Concetti Chiave
- Bacteria are microorganisms that include helpful, spoilage, and pathogenic types, each playing different roles in food and health.
- Pathogenic bacteria are responsible for food poisoning and can be found in various sources like raw food, pests, and poor hygiene.
- Cooking can destroy bacteria, but some form protective spores that allow them to survive harsh conditions.
- Bacteria need food, moisture, warmth, and time to multiply to dangerous levels, making hygiene crucial in food handling.
- Food contamination can be physical, chemical, or microbial, with contaminants coming from various sources like equipment, animals, and poor hygiene.
Bacteria and food poisoning
Bacteria are single celled micro-organism, invisible to human eye and living all around the natural world. There are helpful bacteria, spoilage bacteria and photogenic bacteria.
Helpful bacteria help us to digest food, to make food such as yogurt and cheese and make crops.
Spoilage bacteria make food perish.
Pathogenic bacteria cause illness and responsible for food poisoning and food borne diseases. They can be found in raw food, pests and pets, people, air and dust, dirt and food waste.
Cooking usually destroys them, but when they form spores, that is a protective coating, bacteria can survive even harsh conditions.

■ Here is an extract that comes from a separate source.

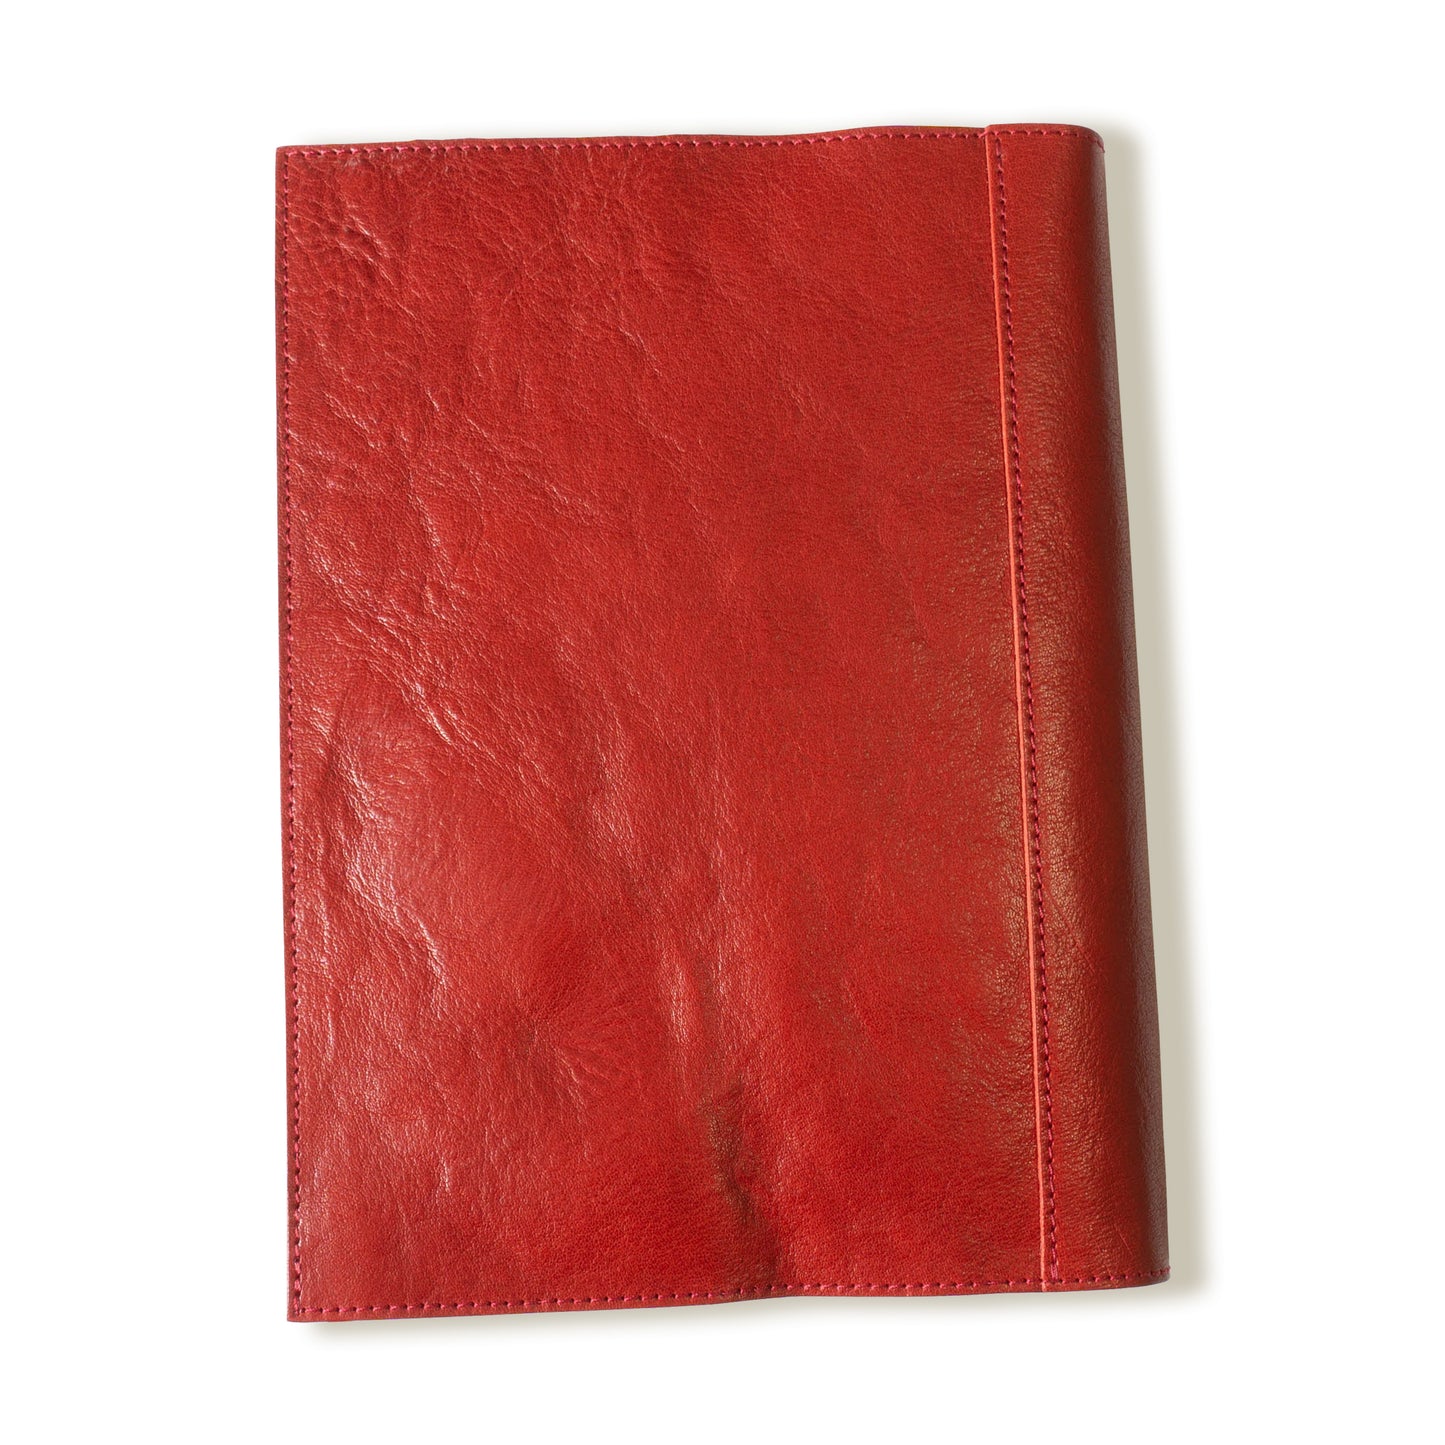 [Japanese Craftsman Made / Shrink] Book cover A5 hard cover Genuine leather bookmark included

Bacteria can move, but they cannot travel on their own.
To multiply to dangerous levels bacteria need particular conditions such as food, moisture, warmth and time.
Food contamination refers to the presence in food of harmful chemicals and microorganisms which can cause consumer illness.
Contaminants can be: physical, chemical and microbial.
Examples of physical contaminants are: stones, fruit leaves, shell fragments, fish scales, poultry bone fragments, jewellery, hair, fingernails, insects, dust, dirt.
Examples of chemical contaminants are: clearing chemicals, agricultural chemicals, pesticides and pest bait.
Example of microbial contaminants are: cuts, boils of the skin, poor personal hygiene on hands, ears, hair, insects, mice, dogs, cats, fur feathers, untreated sources of drinking water, unwashed fruit and vegetables.
Contamination can be:
DIRECT, when a raw food touches a high risk food;
INDIRECT, when a liquid or juice from a raw food drip onto high risk food;
CROSS, when bacteria are carried, for instance by hands or utensils, from a raw food to a high risk food.